Printing the sampler’s progress

You might want to monitor the progress of the sampler in your terminal while it runs. There are several modules out there that can help you make shiny progress bars (e.g., are progressbar and clint), but it’s straightforward to implement a simple progress counter yourself.

The solution here is very similar to the incremental saving snippet. For example, to display the current percentage:

nsteps = 5000
for i, result in enumerate(sampler.sample(p0, iterations=nsteps)):
    if (i+1) % 100 == 0:
        print("{0:5.1%}".format(float(i) / nsteps))

Or, to display a rudimentary progress bar that updates iteself on a single line:

import sys

nsteps = 5000
width = 30
for i, result in enumerate(sampler.sample(p0, iterations=nsteps)):
    n = int((width+1) * float(i) / nsteps)
    sys.stdout.write("\r[{0}{1}]".format('#' * n, ' ' * (width - n)))
sys.stdout.write("\n")

Multiprocessing

In principle, running emcee in parallel is as simple instantiating an EnsembleSampler object with the threads argument set to an integer greater than 1:

sampler = emcee.EnsembleSampler(nwalkers, ndim, lnpostfn, threads=15)

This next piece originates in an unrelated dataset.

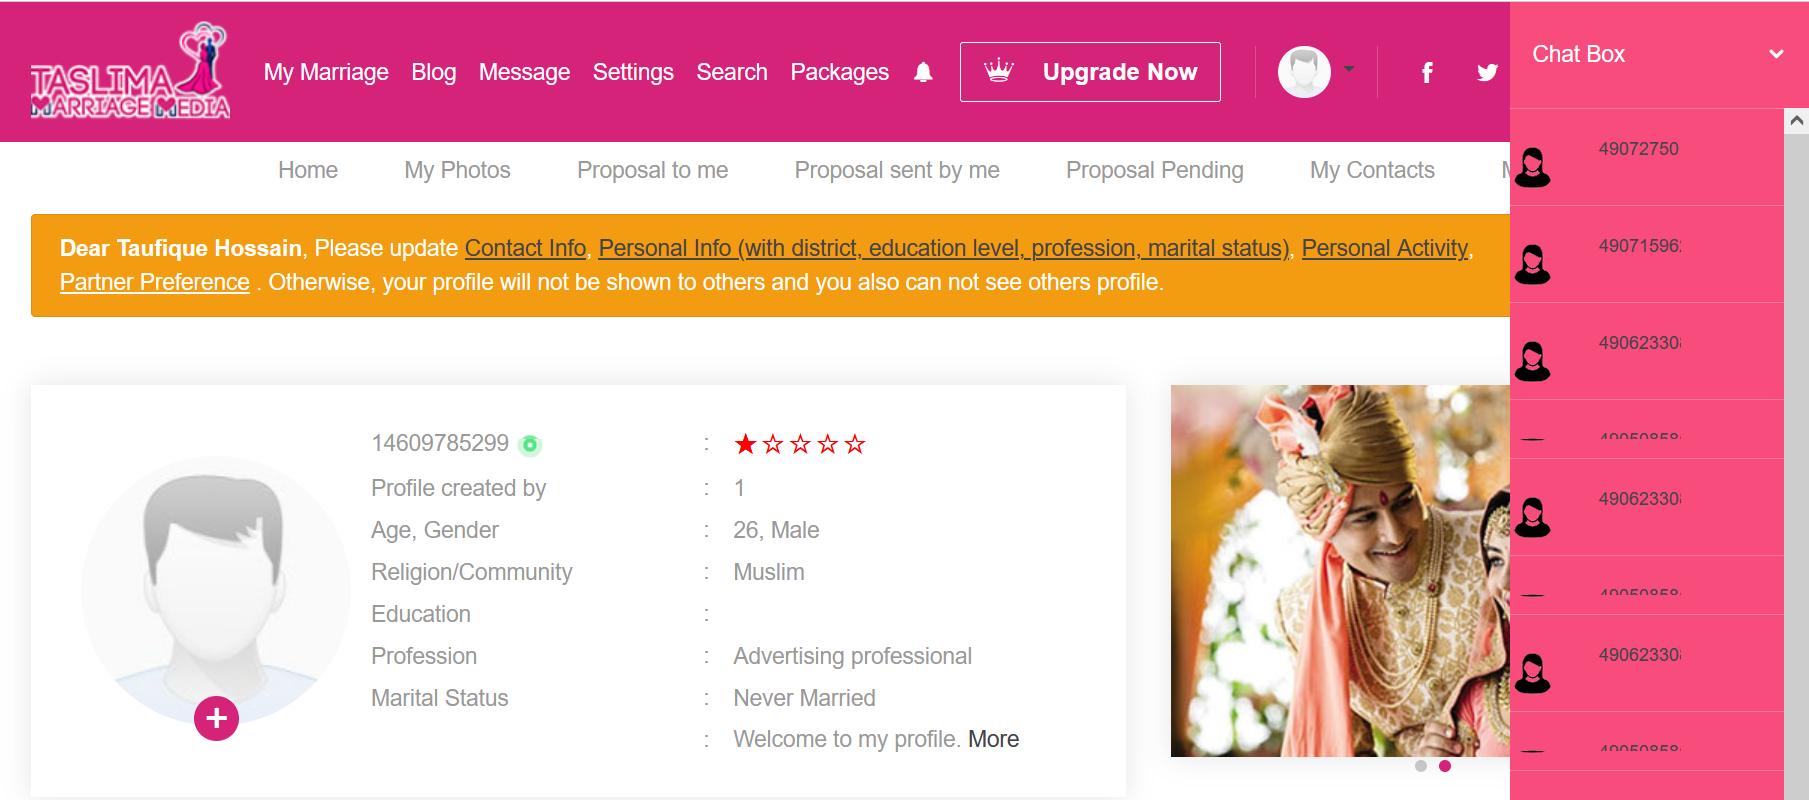 taslima marriage media login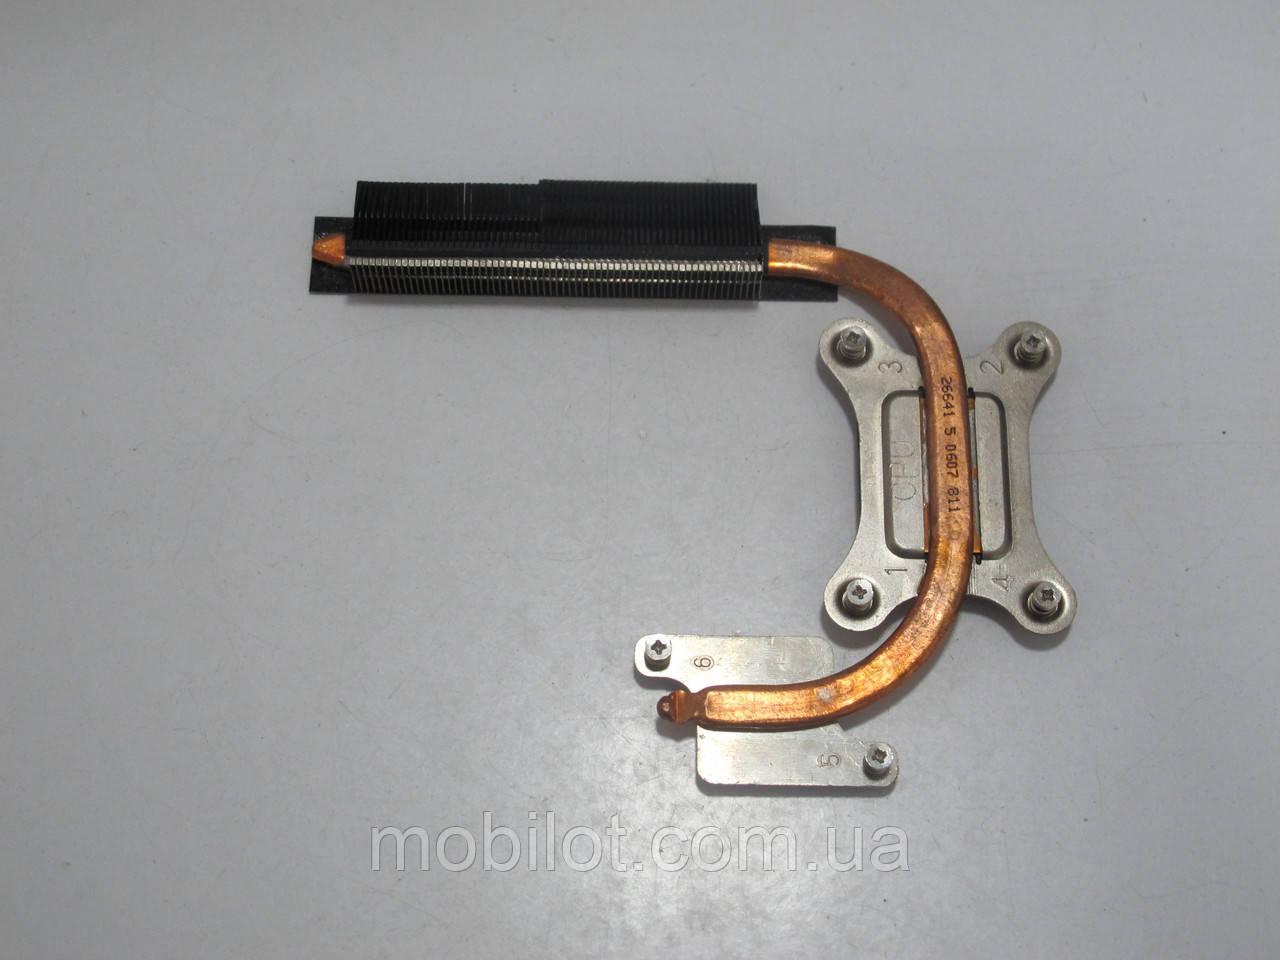 Система охлаждения Samsung RV518 (NZ-7257)

In practice, the parallelization is implemented using the built in Python multiprocessing module. With this comes a few constraints. In particular, both lnpostfn and args must be pickleable. The exceptions thrown while using multiprocessing can be quite cryptic and even though we’ve tried to make this feature as user-friendly as possible, it can sometimes cause some headaches. One useful debugging tactic is to try running with 1 thread if your processes start to crash. This will generally provide much more illuminating error messages than in the parallel case. Note that the parallelized EnsembleSampler object is not pickleable. Therefore, if it (or an object that contains it) is passed to lnpostfn when multiprocessing is turned on, the code will fail.

It is also important to note that the multiprocessing module works by spawning a large number of new python processes and running the code in isolation within those processes. This means that there is a significant amount of overhead involved at each step of the parallelization process. With this in mind, it is not surprising that running a simple problem like the quickstart example in parallel will run much slower than the equivalent serial code. If your log-probability function takes a significant amount of time (> 1 second or so) to compute then using the parallel sampler actually provides significant speed gains.

Arbitrary metadata blobs

Added in version 1.1.0

Imagine that your log-probability function involves an extremely computationally expensive numerical simulation starting from initial conditions parameterized by the position of the walker in parameter space. Then you have to compare the results of your simulation by projecting into data space (predicting you data) and computing something like a chi-squared scalar in this space. After you run MCMC, you might want to visualize the draws from your probability function in data space by over-plotting samples on your data points. It is obviously unreasonable to recompute all the simulations for all the initial conditions that you want to display as a part of your post-processing—especially since you already computed all of them before! Instead, it would be ideal to be able to store realizations associated with each step in the MCMC and then just display those after the fact. This is possible using the “arbitrary blob” pattern.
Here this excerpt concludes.